Canada’s emergency rooms bear the brunt of a ‘perfect storm’

By Anna Mehler Paperny

TORONTO (Reuters) – Public health officials across Canada have reduced the opening hours of hospital emergency rooms and urgent care clinics in recent weeks, a measure that may extend into the summer in some cases due to a surge in patient numbers and staff shortages.

The situation, clinicians say, is linked to a resurgence of viral infections like COVID-19 in adults and children and a drive by others to seek treatment, delayed by the pandemic and exacerbated by high numbers of sick or burned healthcare workers out.

The stress has led to scenes of congested hospital corridors and crowded clinic waiting rooms, hours of waiting for inpatient care, and occupancy rates in excess of 100% in children’s hospitals. It has also reignited debate about systemic issues in the government-funded healthcare system.

On Thursday, Perth and Smiths Falls District Hospital in eastern Ontario announced that its Perth emergency department would be closed Saturday through Thursday due to a COVID-19 outbreak affecting its staffing.
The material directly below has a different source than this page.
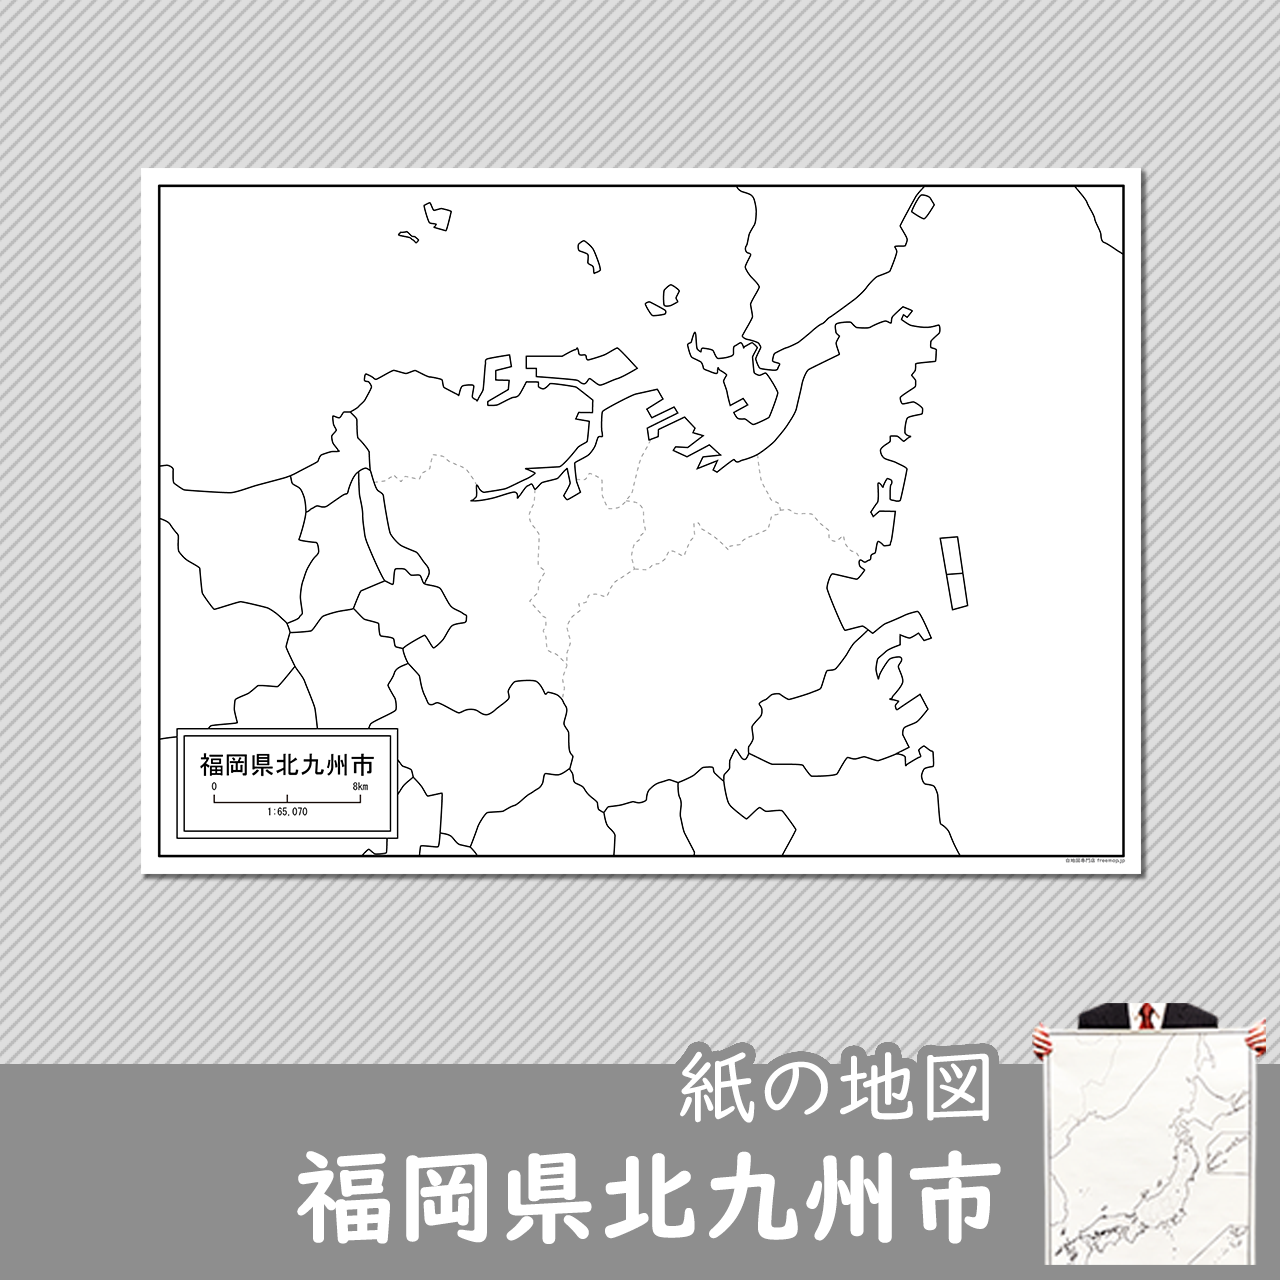 北九州市の紙の白地図のサムネイル
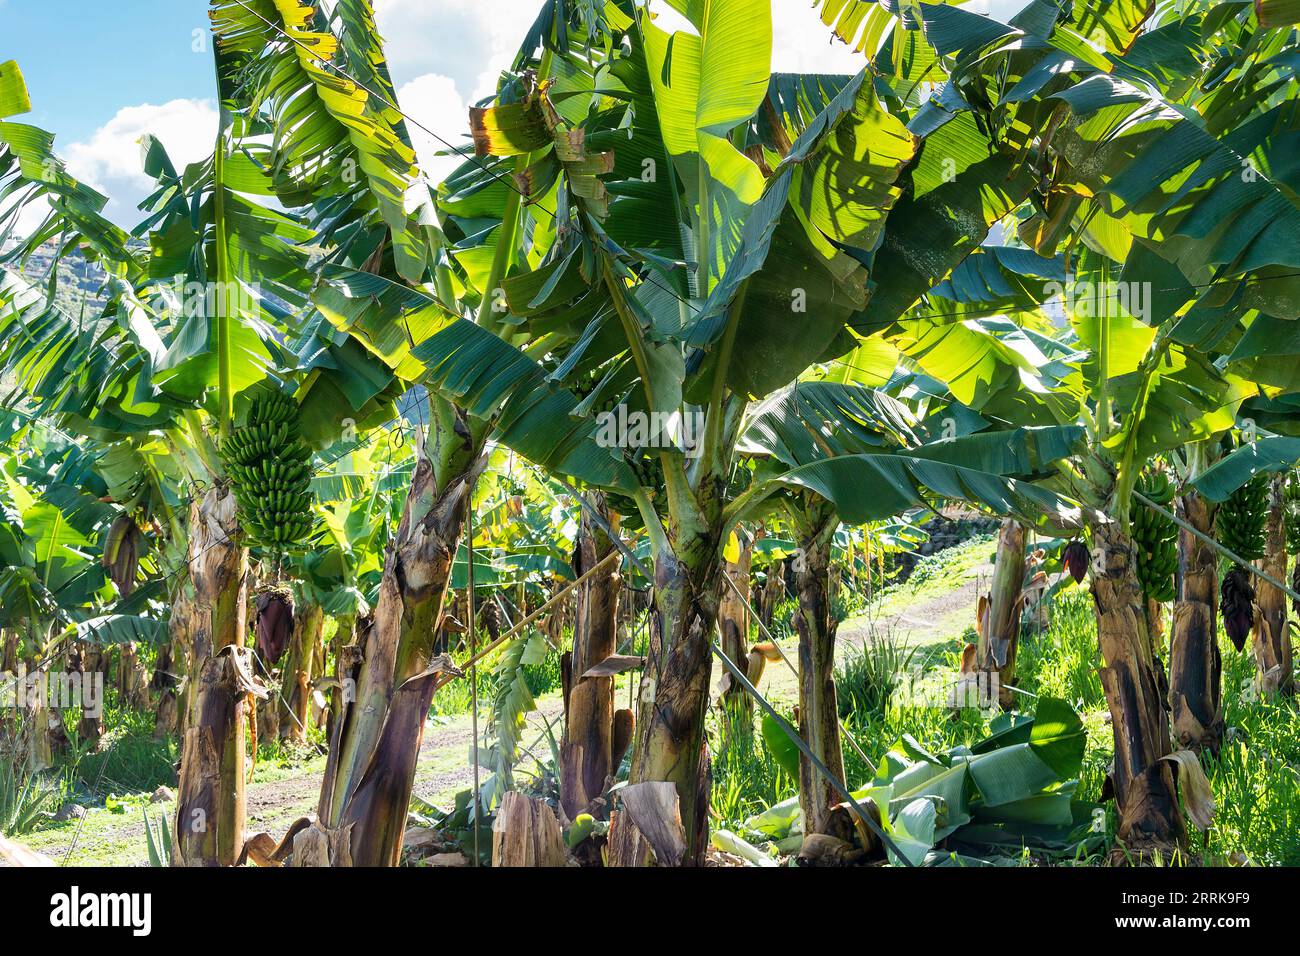 Tenerife, Canary Island, banana plantation Stock Photo

“It’s like the four horsemen of the apocalypse are all coming at us at the same time in healthcare,” said Alan Drummond, a general practitioner and emergency physician in the city, which is home to about 6,000 people.

Drummond, who spoke to Reuters before announcing the closure, sees patients waiting 20 hours to be admitted, a situation that could lead to their worsening condition or even medical errors. He blames the situation on years of underfunding for hospital beds and community supplies.

While small-town hospitals in Canada are sometimes reducing their hours, regional health centers are less likely to do so.

Ontario’s Department of Health declined to say how many hospitals in Canada’s most populous province are being affected by partial or temporary closures, but said it has taken steps to address the issue, including retaining nurses and other healthcare workers.

“Sometimes hospitals have to make the difficult decision to temporarily close their emergency rooms so operations can continue throughout the hospital,” a ministry spokesman said.

Hospitals in Quebec, the country’s second-largest province, New Brunswick and Manitoba have partially closed departments or temporarily reduced hours for a few weeks to several months, according to the hospitals.

In Kingston, Ontario, Hotel Dieu Hospital’s Urgent Care Clinic reduced its hours over the Canada Day long weekend. A spokesman for Kingston Health Science Center described the move, which began on Friday, as a planned one-off reduction, but added that “staff shortages and the current surge in patient numbers are expected to continue throughout the summer.”

Children have been hit hard by the health care crisis as youngsters who had not previously been exposed to a range of viruses succumbed to illness in the spring as many people shed their face masks used to prevent the spread of COVID-19.

The Children’s Hospital of Eastern Ontario in Ottawa, the nation’s capital, had 110% to 120% occupancy for weeks in May and early June. Occupancy was a record high for the month of May, a spokesman said.

Low staffing requirements and increasing patient numbers are “something like the perfect storm,” said Katharine Smart, a pediatrician and president of the Canadian Medical Association.

FUNDING DEBATE

Canada has the fourth lowest number of funded acute care beds per capita among Organization for Economic Co-operation and Development -acute-care, and the Commonwealth countries, according to the OECD https://www.oecd.org/coronavirus/en/data-insights/hospital-beds Fund https://www.commonwealthfund.org/publications/fund-reports/2021/aug/mirror-mirror-2021-reflecting-poorly#rank Canada’s healthcare system second to bottom out of 11 wealthy countries.

Some have blamed underfunding of the healthcare system since the 1990s, when Canada’s federal government cut spending to deal with the country’s deficit.

Others, like the right-wing Fraser Institute https://www.fraserinstitute.org/studies/understanding-universal-health-care-reform-options-cost-sharing-for-patients, say the federally funded system itself is the root cause of problems, suggesting a shift towards a privately paid model.

Canada may have little time to lose.

Rami Rahal, vice president of the Canadian Partnership Against Cancer, said there is a risk that cancer incidence and deaths could get worse in the country due to long periods of skipping or delaying screenings and postponing treatments.

“We cannot work our way out of this crisis through rents,” he said. “We have to find innovative ways of care.”